REQUIREMENT: Retype, exactly and completely, the listing that comes next, skipping its images.

SUPPLIED MATERIAL:

*** Begin section ***

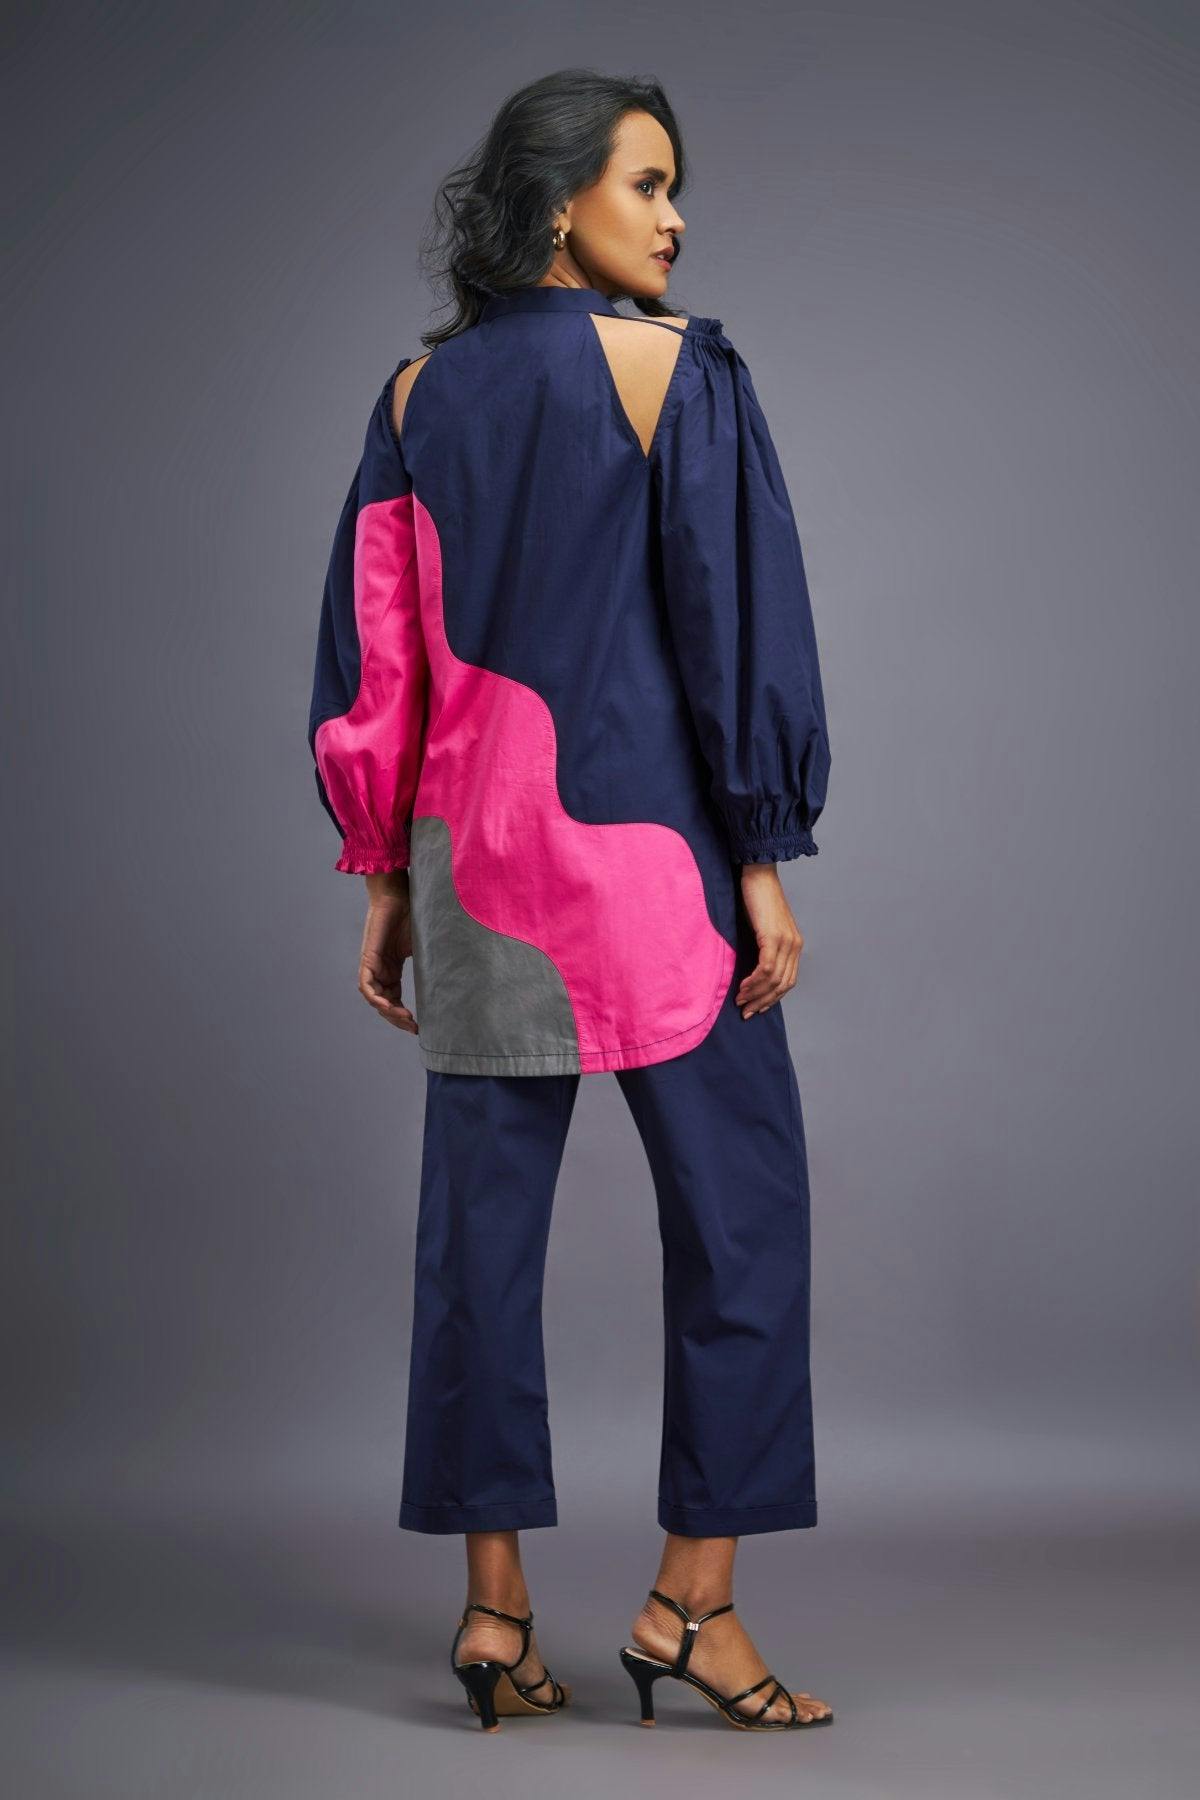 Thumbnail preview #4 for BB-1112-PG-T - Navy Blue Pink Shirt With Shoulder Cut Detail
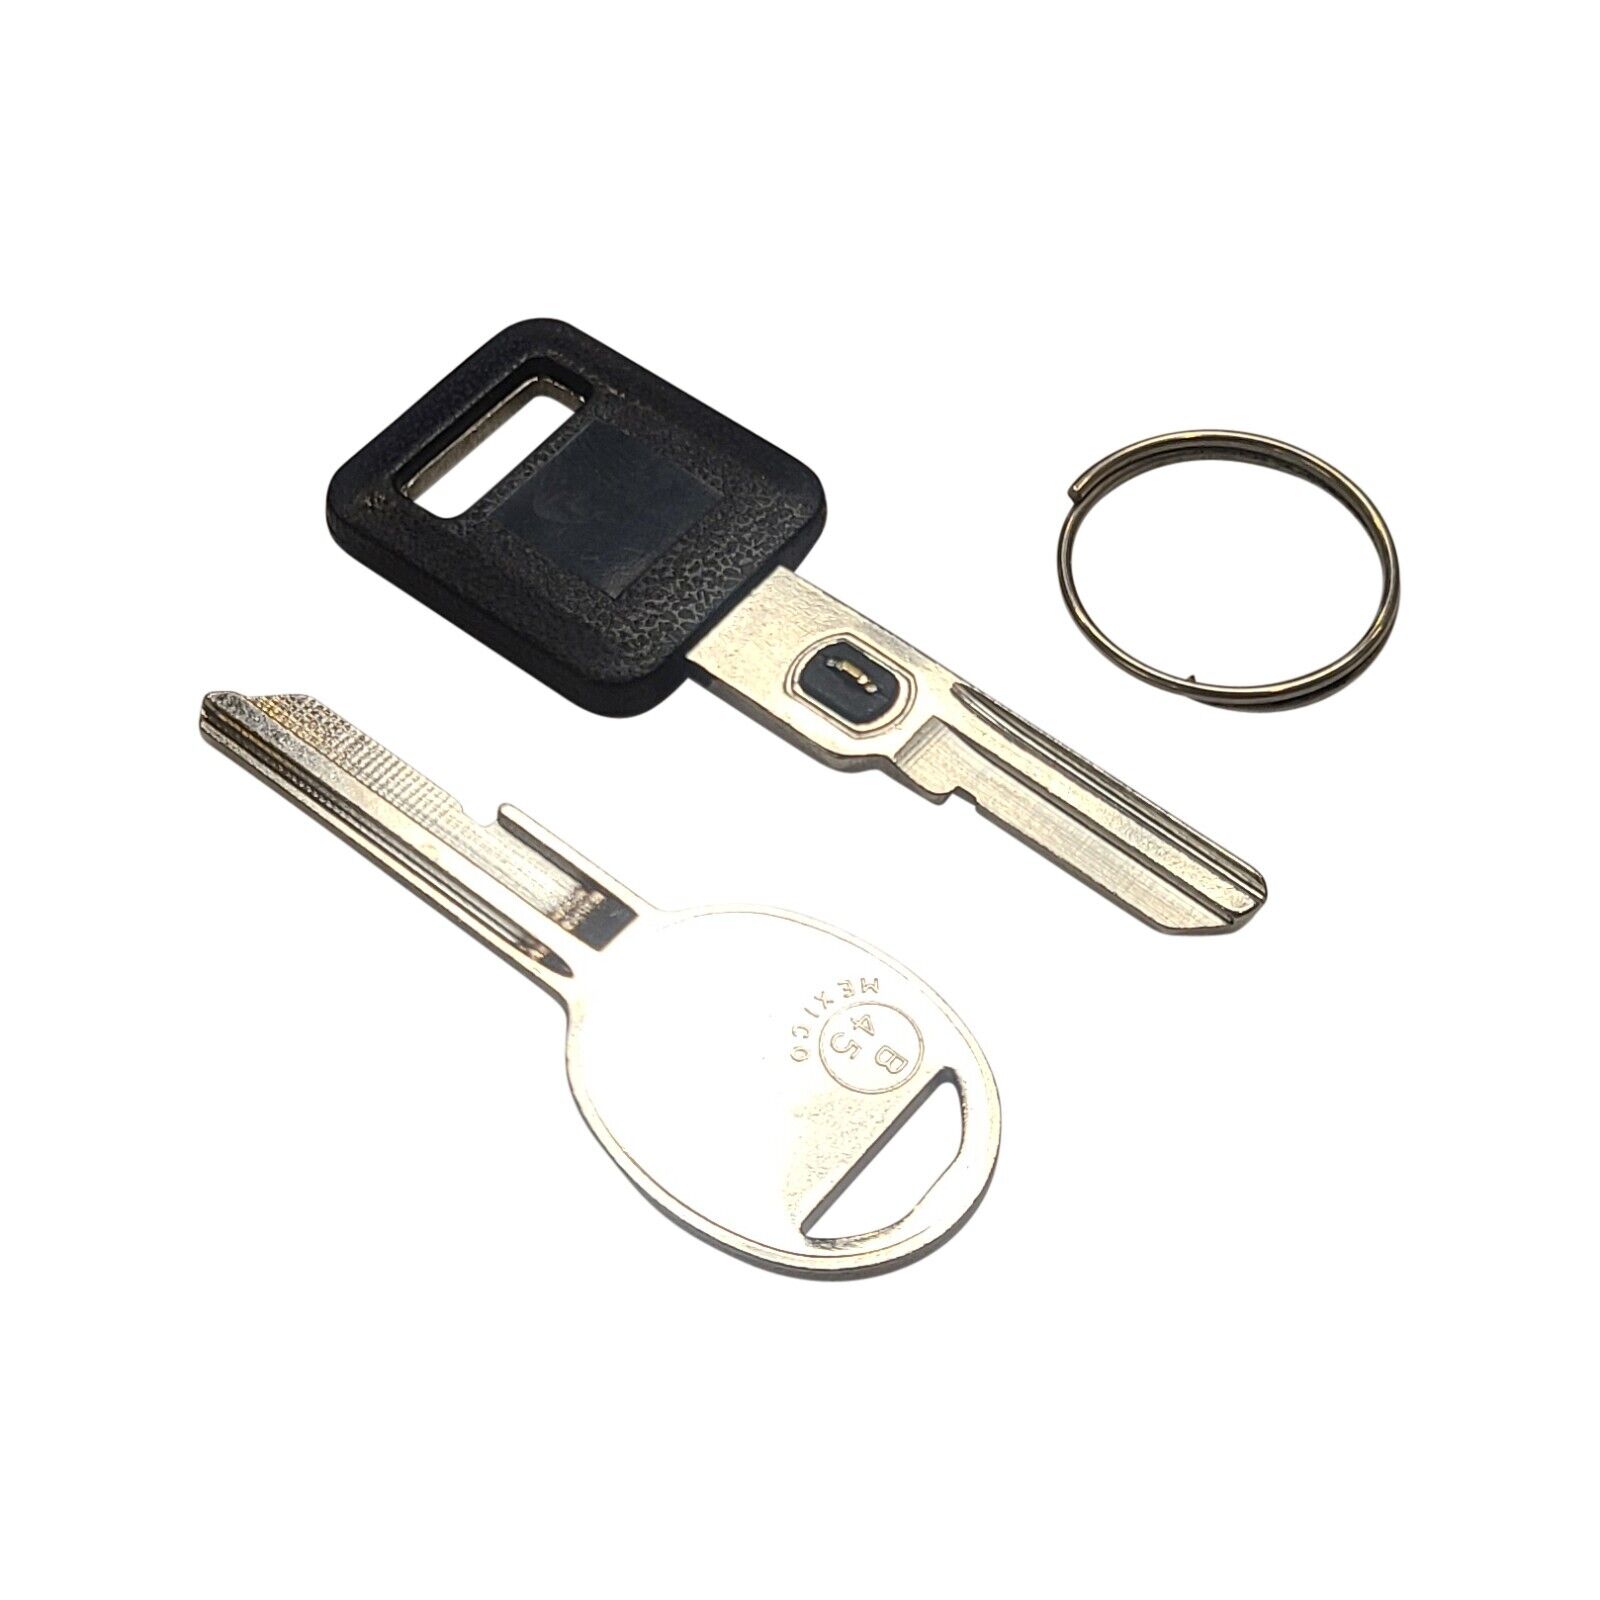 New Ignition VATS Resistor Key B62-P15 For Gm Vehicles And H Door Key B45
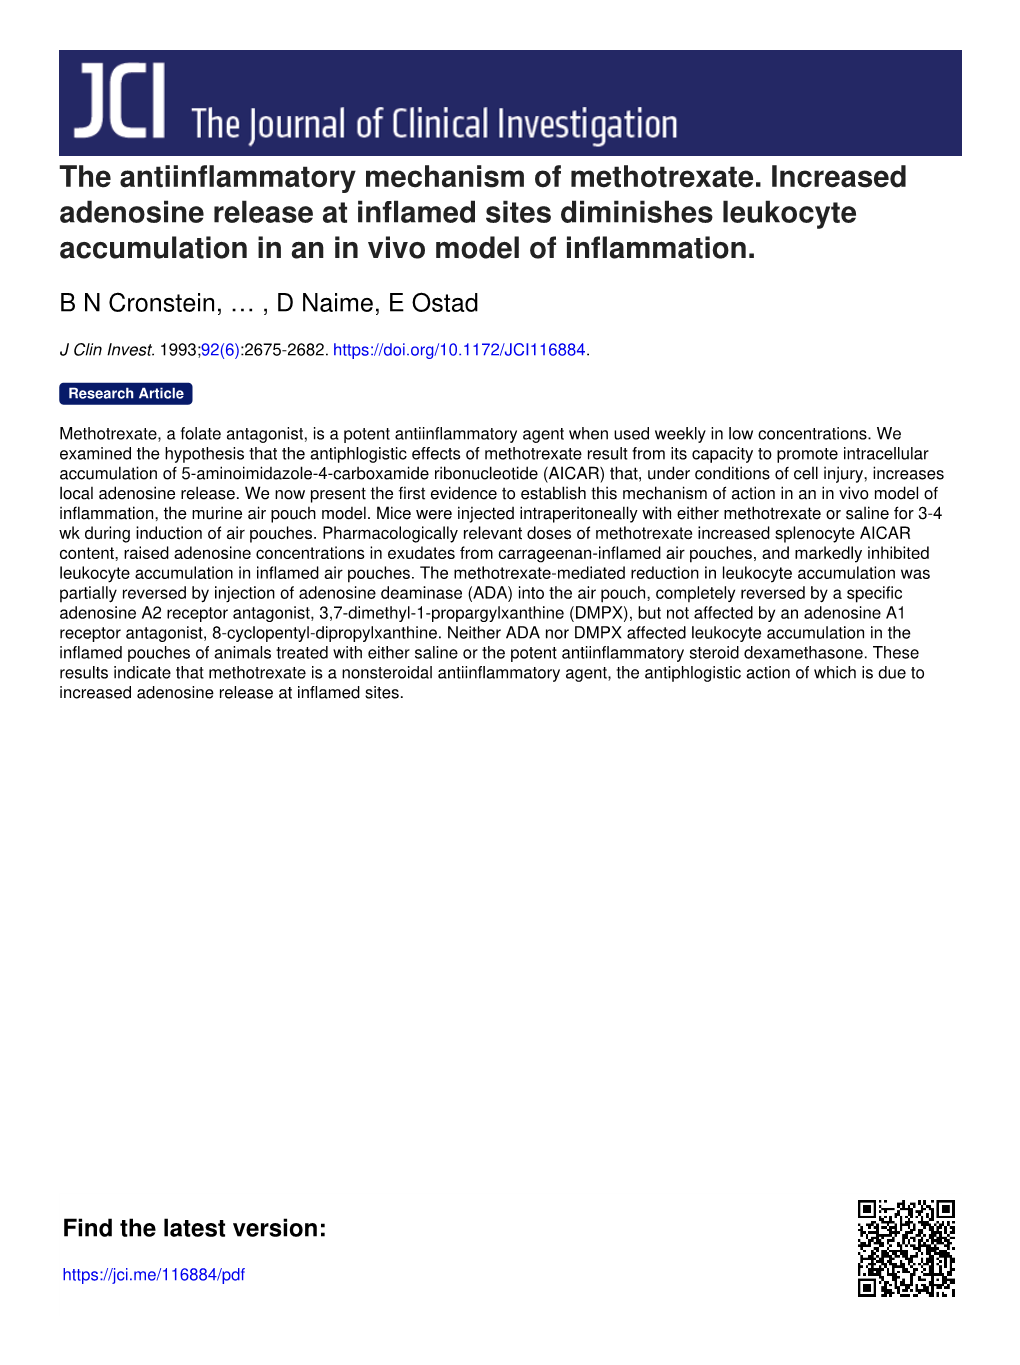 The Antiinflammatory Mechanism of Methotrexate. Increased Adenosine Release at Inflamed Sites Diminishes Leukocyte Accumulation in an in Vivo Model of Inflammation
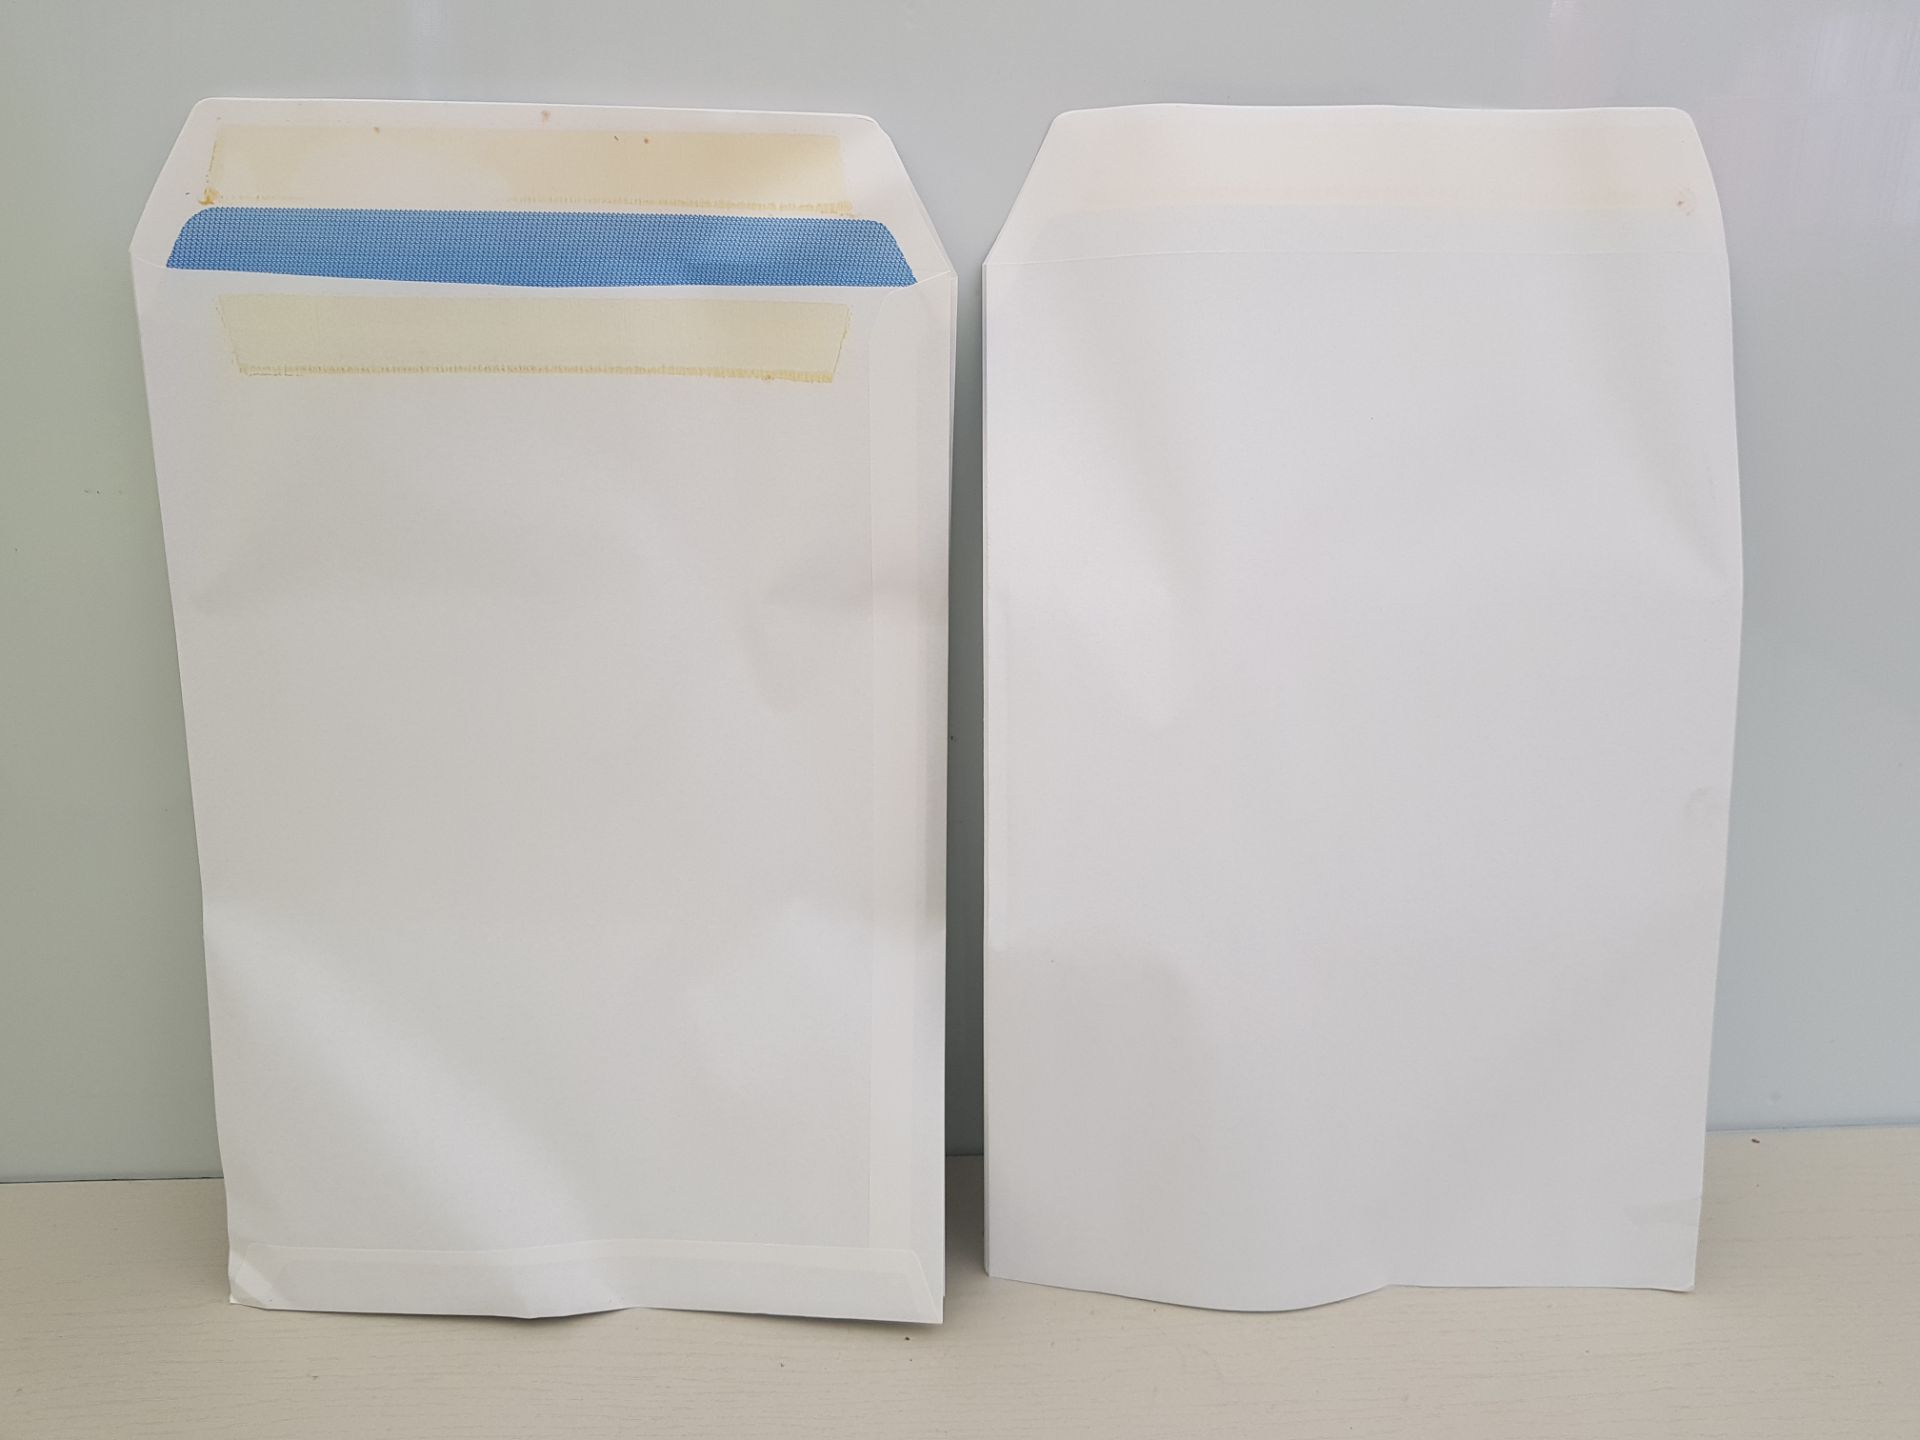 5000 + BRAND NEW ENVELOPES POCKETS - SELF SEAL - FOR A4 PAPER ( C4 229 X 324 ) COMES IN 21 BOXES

*** End section ***

THE ANSWER:
 Thumbnail preview #4 for BB-1112-PG-T - Navy Blue Pink Shirt With Shoulder Cut Detail
 New Ignition VATS Resistor Key B62-P15 For Gm Vehicles And H Door Key B45
 The Antiinflammatory Mechanism of Methotrexate. Increased Adenosine Release at Inflamed Sites Diminishes Leukocyte Accumulation in an in Vivo Model of Inflammation
 5000 + BRAND NEW ENVELOPES POCKETS - SELF SEAL - FOR A4 PAPER ( C4 229 X 324 ) COMES IN 21 BOXES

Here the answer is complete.